No, we pique
ourselves upon a most ridiculous deviation from the very modes we
admire, and please ourselves with thinking this deviation is a
mark of our spirit and liberty.
But, we have not spirit enough to
persist in this deviation, when we visit their country:
otherwise, perhaps, they would come to admire and follow our
example: for, certainly, in point of true taste, the fashions of
both countries are equally absurd. At present, the skirts of the
English descend from the fifth rib to the calf of the leg, and
give the coat the form of a Jewish gaberdine; and our hats seem
to be modelled after that which Pistol wears upon the stage. In
France, the haunch buttons and pocketholes are within half a foot
of the coat's extremity: their hats look as if they had been
pared round the brims, and the crown is covered with a kind of
cordage, which, in my opinion, produces a very beggarly effect.
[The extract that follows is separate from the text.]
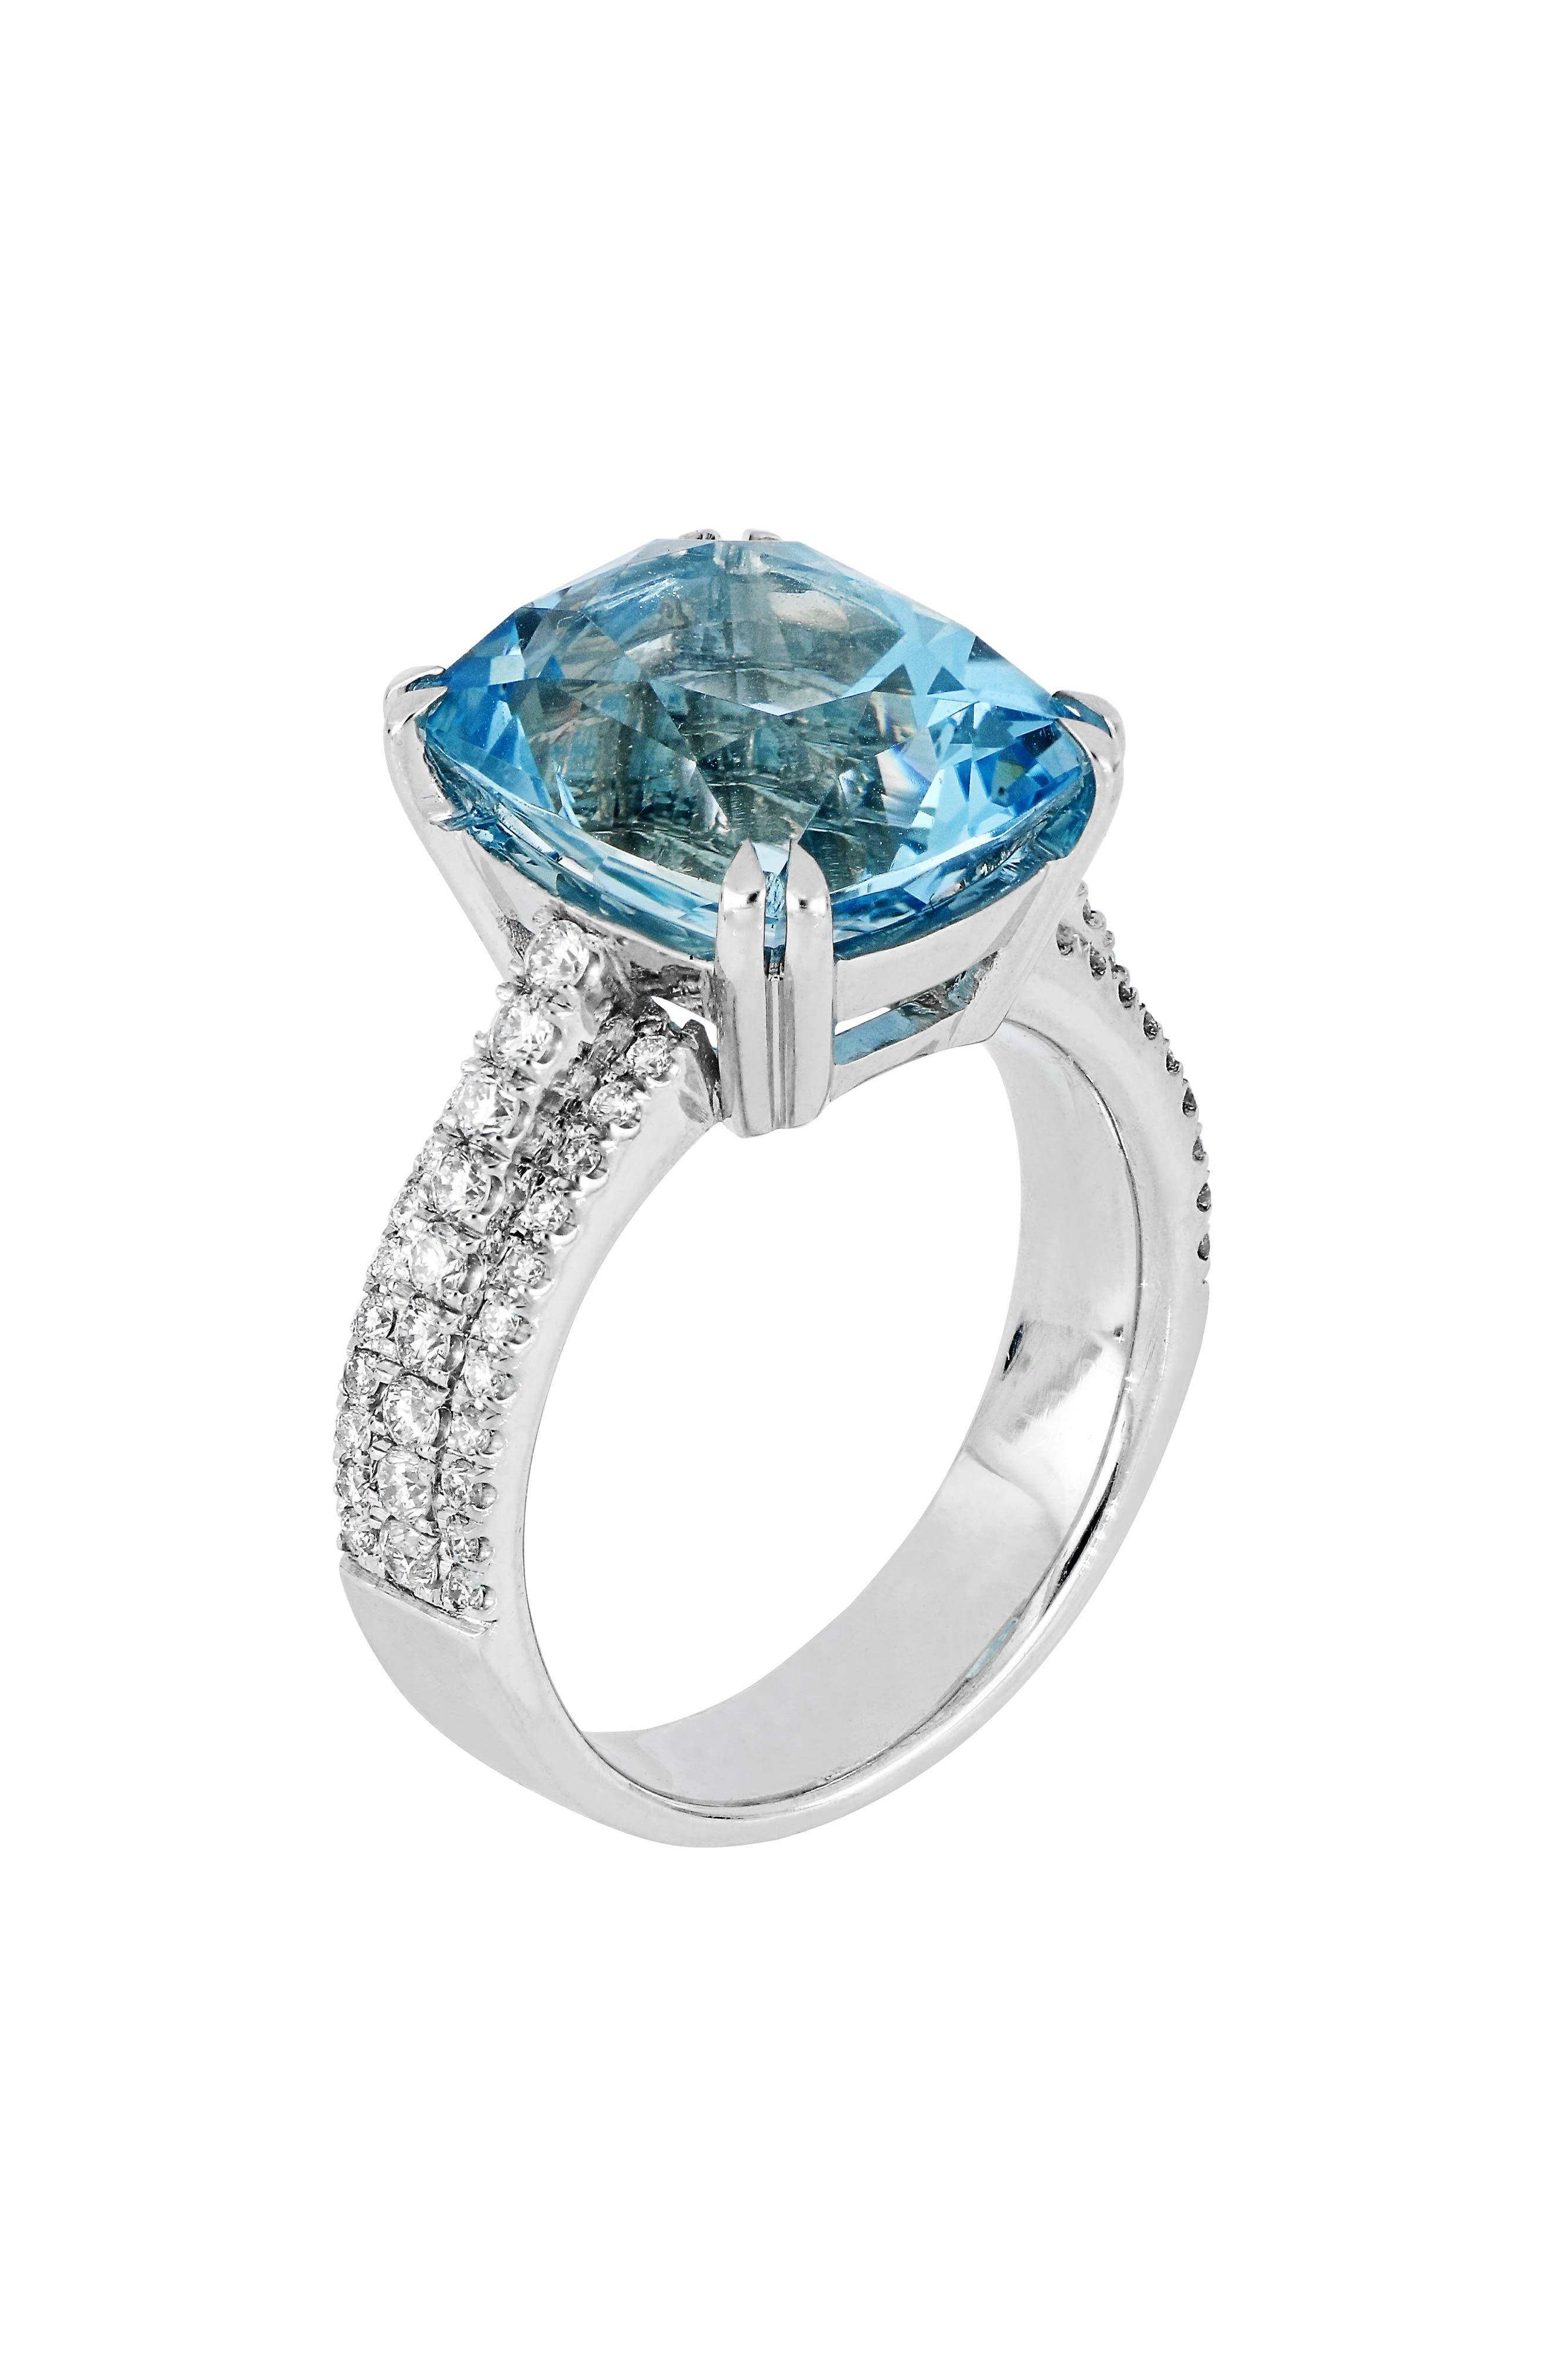 Aquamarine & Diamond Ring,                         Main,                         color, WHITE GOLD
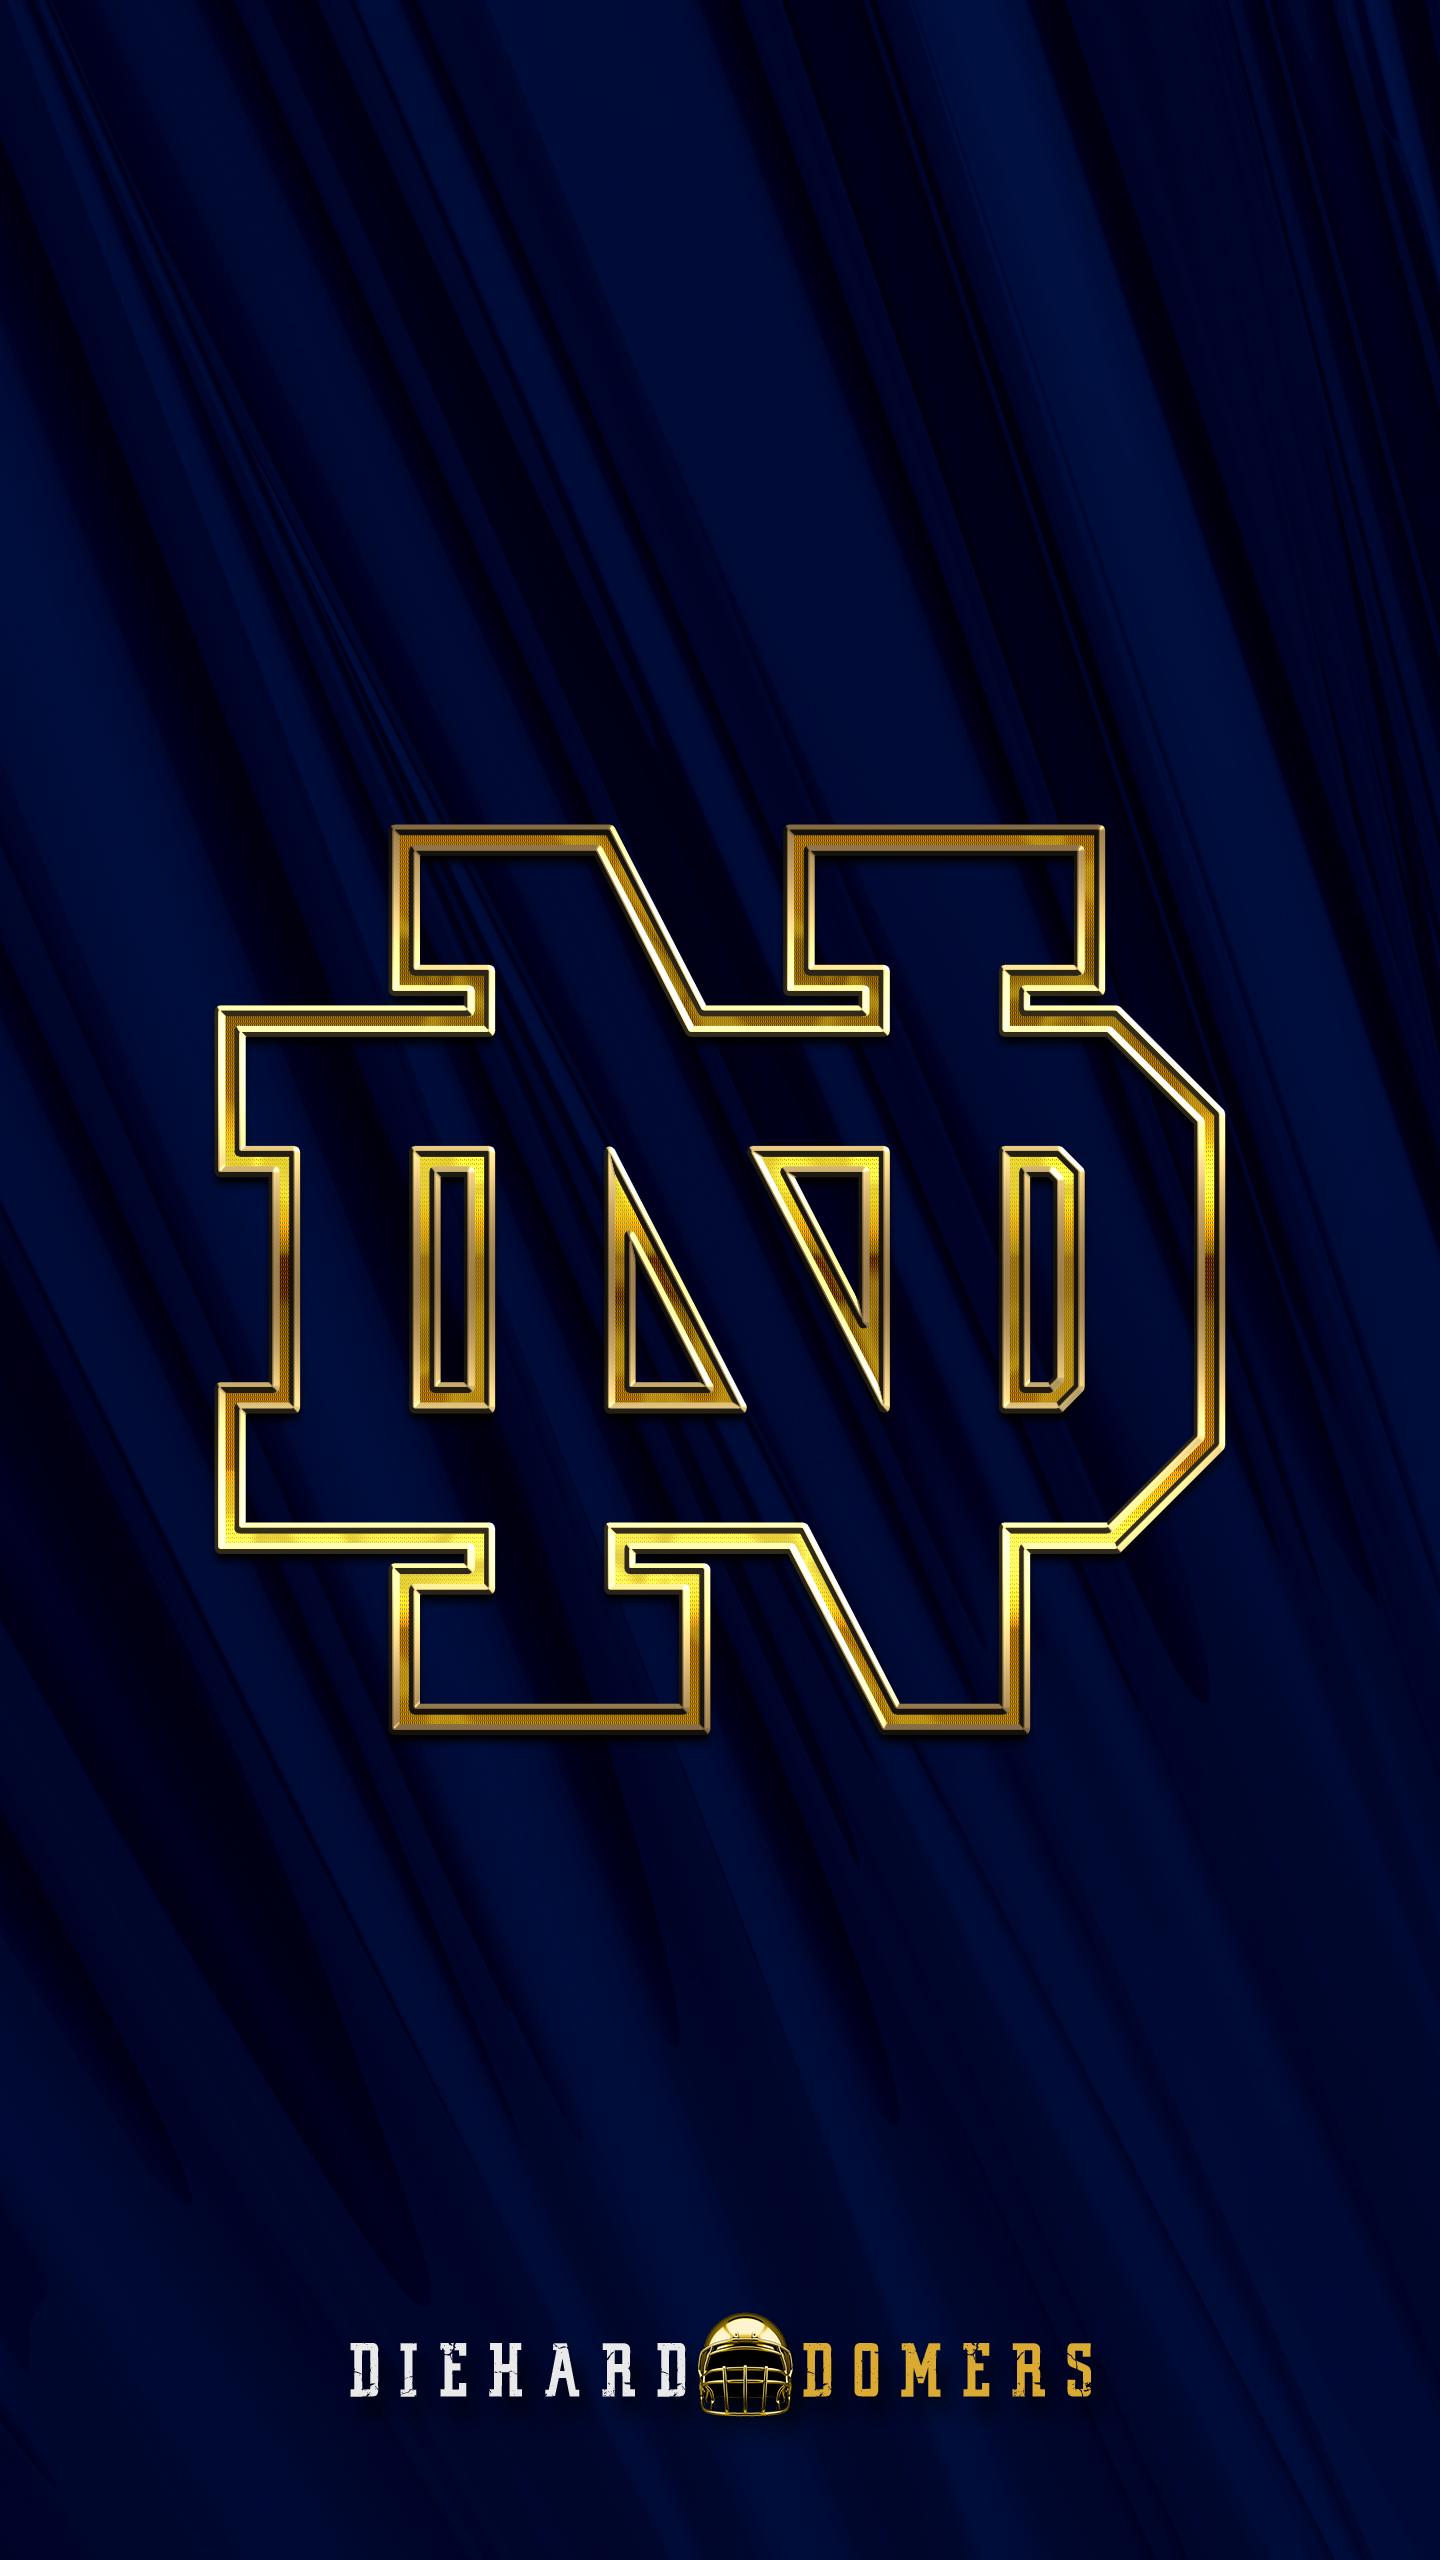 Notre Dame Wallpaper Notre Dame Fighting Irish Football Notre Dame Fighting Irish Notre Dame Wallpaper

In every other circumstance of dress, male and female, the
contrast between the two nations, appears equally glaring. What
is the consequence? when an Englishman comes to Paris, he cannot
appear until he has undergone a total metamorphosis. At his first
arrival he finds it necessary to send for the taylor, perruquier,
hatter, shoemaker, and every other tradesman concerned in the
equipment of the human body. He must even change his buckles, and
the form of his ruffles; and, though at the risque of his life,
suit his cloaths to the mode of the season.